Oración confiada por los difuntos de coronavirus (19-7-2020)

ORACIÓN CONFIADA POR LOS DIFUNTOS DE CORONAVIRUS

     Queridos hermanos en el Señor:
     Os deseo gracia y paz.

     Durante los meses más duros de pandemia, muchas familias no han podido despedirse de sus seres queridos como hubiesen deseado. Las medidas higiénico-sanitarias de prevención hacían difícil, si no imposible, la proximidad física en los momentos decisivos.
     Tender la mano hacia una persona que se dirige al encuentro definitivo con el Señor es una experiencia inolvidable.

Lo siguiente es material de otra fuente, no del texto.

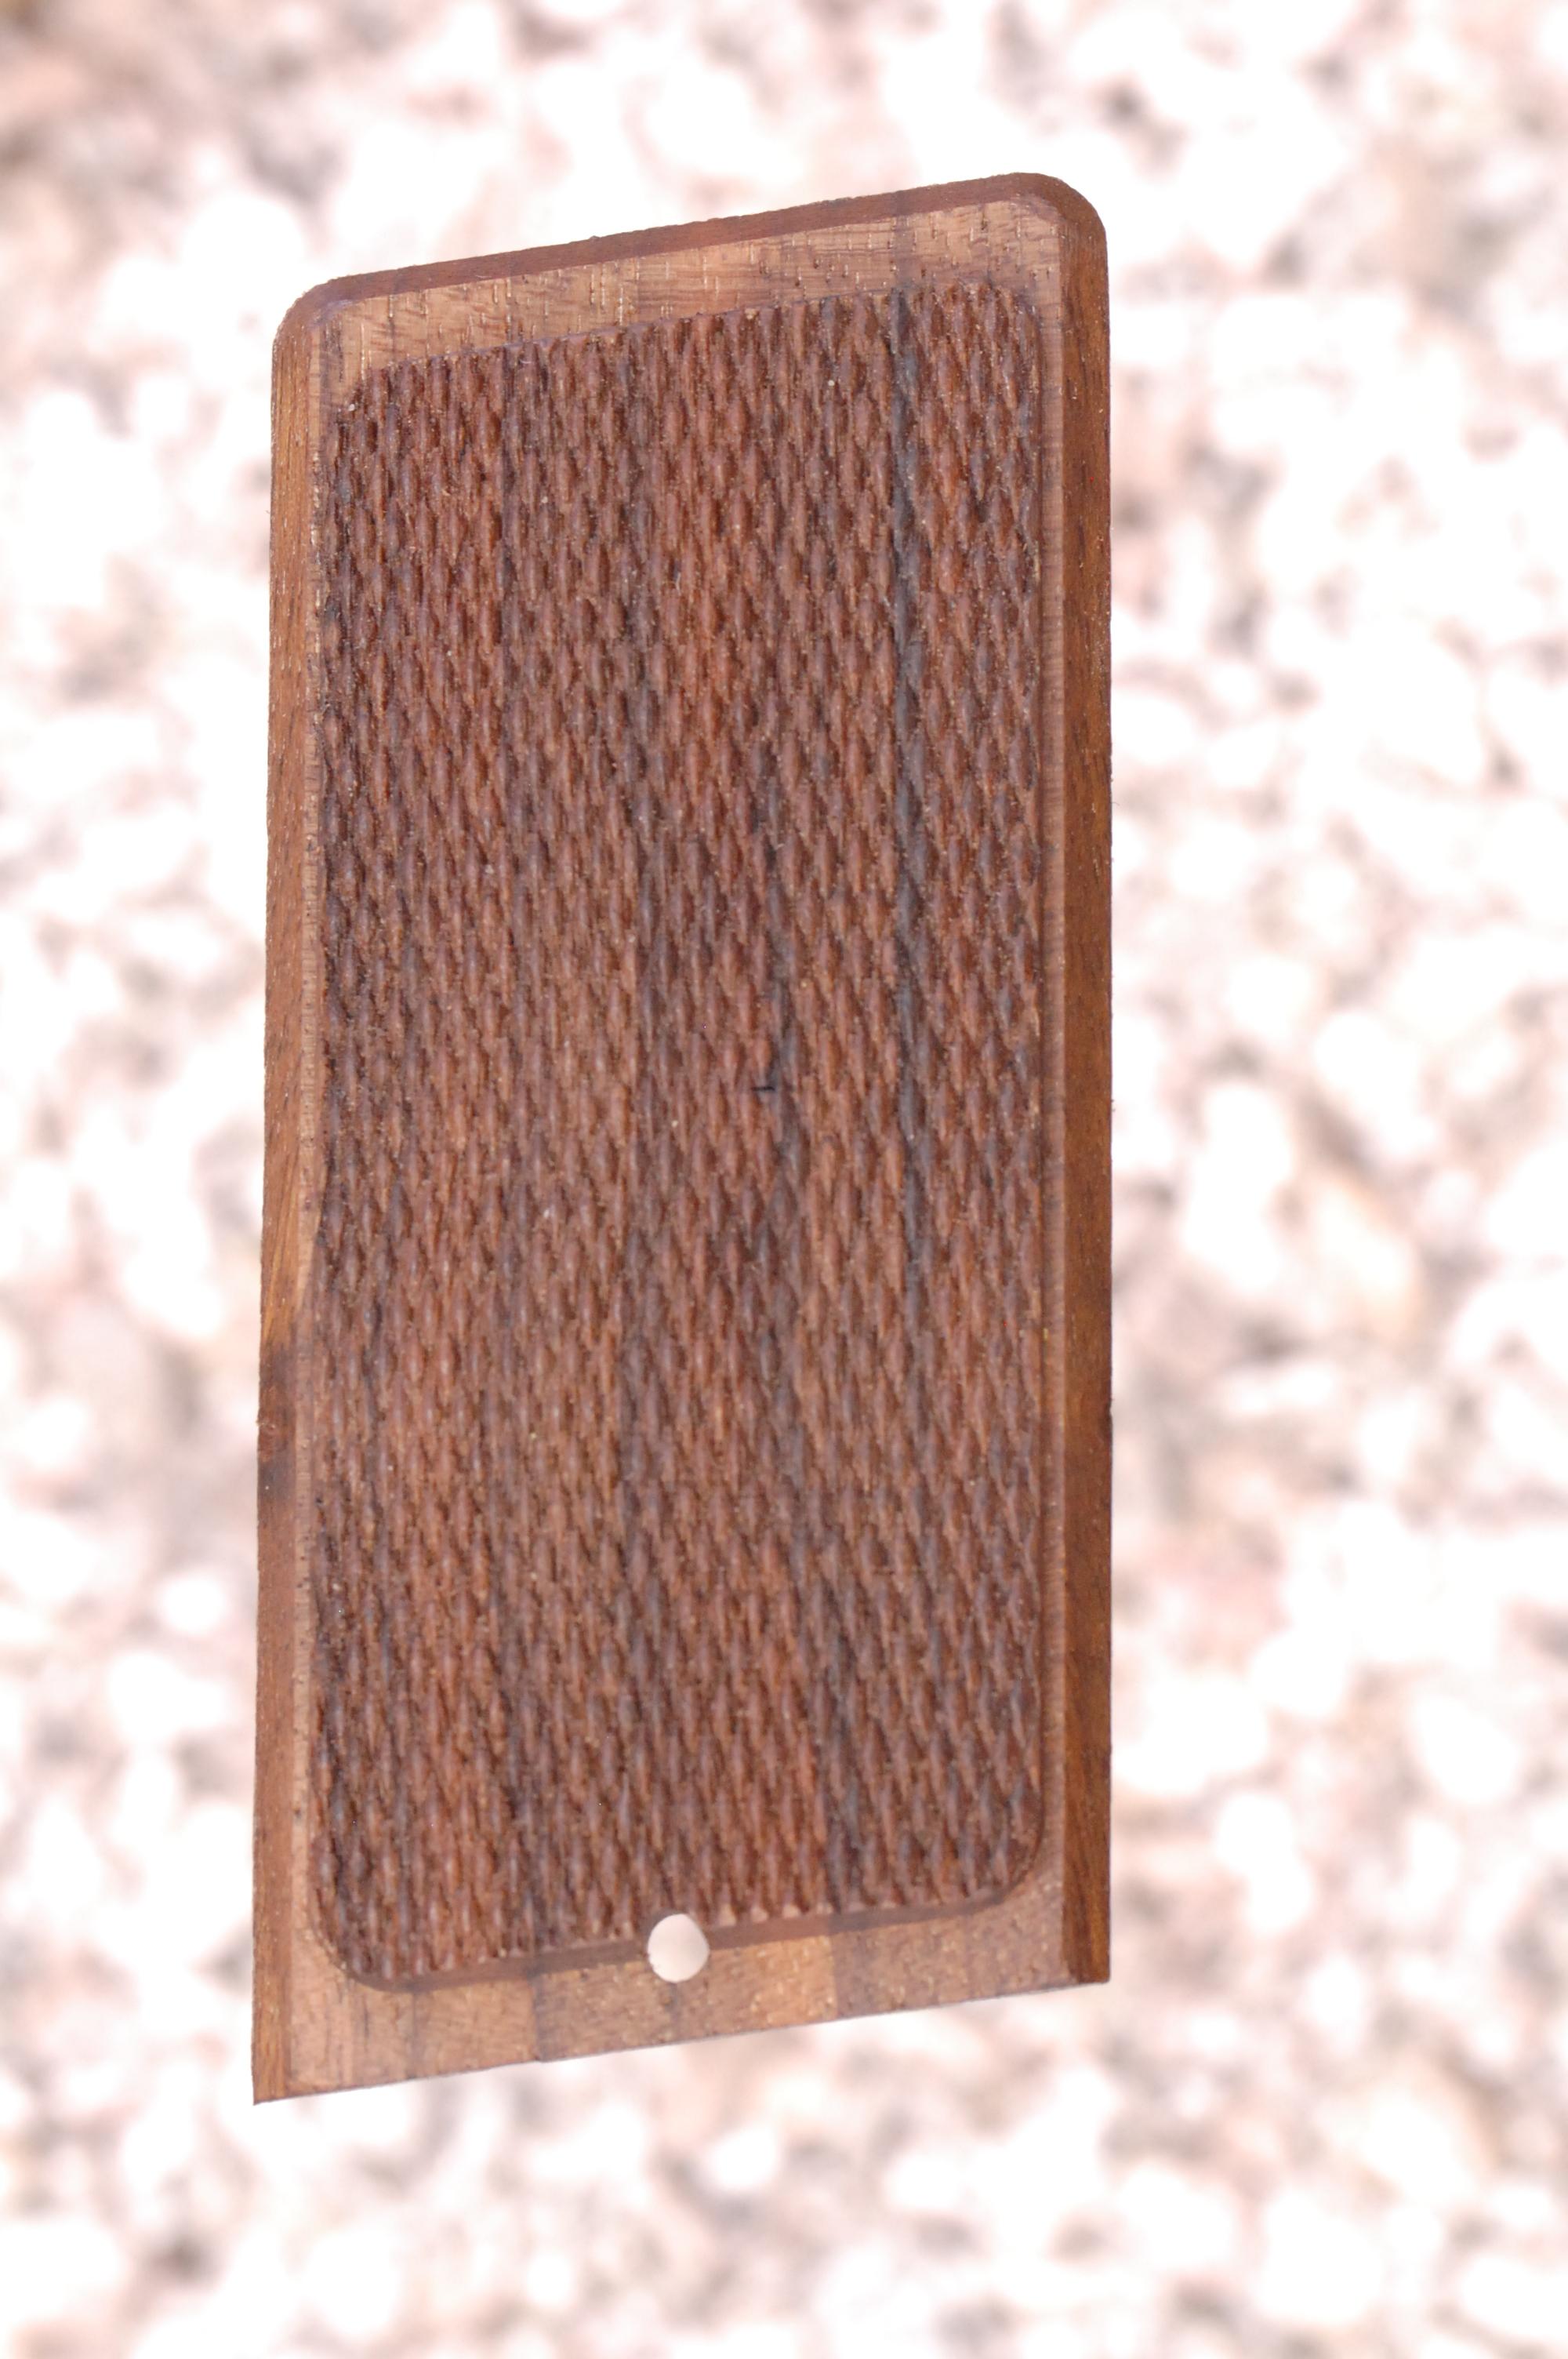 STEYER 1918 GRIPS (checkered) - full size
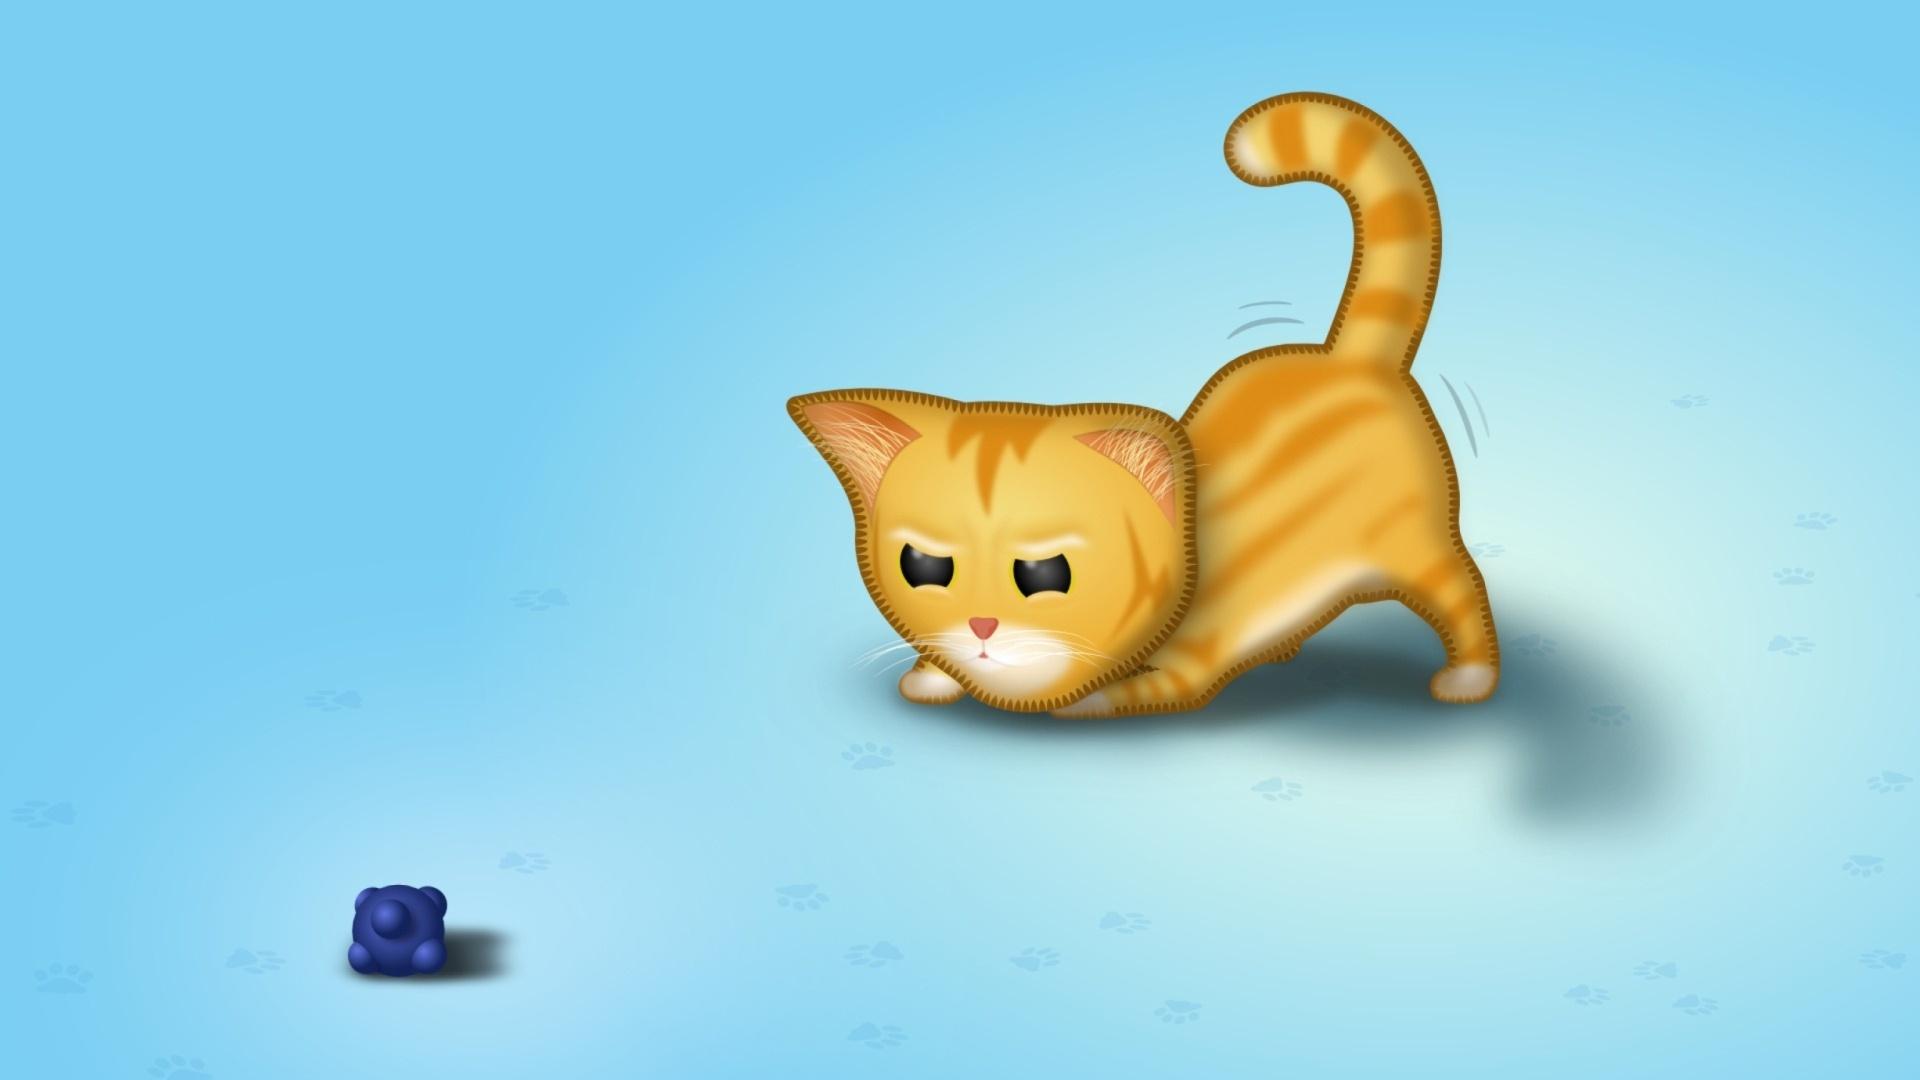 Drawn Cats wallpaper photo hd

En esos momentos, es posible compartir con esperanza y serenidad los últimos latidos de vida, sabiendo que la existencia no concluye, sino que se transforma.
       La Iglesia ha estado cerca de todos los enfermos, especialmente de los moribundos y de sus familiares y amigos. No ha habido ninguna persona que haya muerto sola, porque ha estado acompañada por la oración incesante de toda la Iglesia.
      Durante estos días, vamos a recordar con cariño y agradecimiento a todas las personas que ya no están con nosotros: los ancianos, los que sufrían alguna enfermedad previa y también aquellos otros cuya salud no daba muestras de inquietud ni síntomas de riesgo. Y rezaremos, de un modo especial por todos los sanitarios que pusieron su salud, y hasta sus vidas, al servicio de los demás. Y por quienes contrajeron la enfermedad en el ejercicio de sus actividades profesionales e hicieron de su trabajo una vocación de servicio generoso.
       La sociedad entera y toda la Iglesia deben mucho a tantas personas que nos han dejado el ejemplo de su vida, el estímulo de su calidad personal y la responsabilidad de imitar sus virtudes.
       Queremos dar gracias a Dios por todas y cada una de las personas que nos han dejado. En cada rostro, en cada historia, en los detalles conocidos y en las vicisitudes desconocidas podemos leer innumerables relatos conmovedores.
       Los ancianos vivieron circunstancias dramáticas en nuestra historia común. Afrontaron mil y una dificultades, asumieron riesgos, superaron incertidumbres, sacrificaron su propia vida por dar mayores oportunidades a sus descendientes, prescindieron de comodidades y privilegios.
       Muchos tuvieron que abandonar las tierras que les vieron nacer, e iniciaron viajes que les llevaron más allá de lo que nunca hubieran podido imaginar. Atrás quedaron los campos y los ganados, el dulce sabor del terruño, la apacible, austera y dura vida rural. La industria, las cadenas de trabajo, el horario hecho a base de madrugones, sudor y cansancio, la diversas posibilidades de empleo en el sector servicios, inauguraron una vida distinta cuajada de esfuerzo, penurias y renuncias.
       Y cuando, después de muchos años de trabajo, pudieron disfrutar de la justa recompensa del Estado de bienestar, lo que al principio eran noticias lejanas de circunstancias vividas fuera de nuestras fronteras, se convirtió en un golpe inesperado y letal.
       Ya no se trataba de otros, los lejanos, los de diferentes y distantes lenguas y culturas. Éramos nosotros quienes nos sentíamos zarandeados directamente. Comenzó la secuencia de nombres conocidos, de historias compartidas, de tristeza extendida, feroz e indiscriminada.
       Por eso deseamos rezar por todos, porque sus vidas merecieron la pena. Y porque su muerte nos ha despertado de nuestras falsas seguridades. Son ellos los que nos han abierto los ojos para saber mirar, y no solamente ver. Son ellos los que nos han abierto los oídos, para saber escuchar y no solamente oír.
       Y también deseamos compartir la esperanza en la resurrección. El amor es más fuerte que la muerte.
        Recibid mi cordial saludo y mi bendición.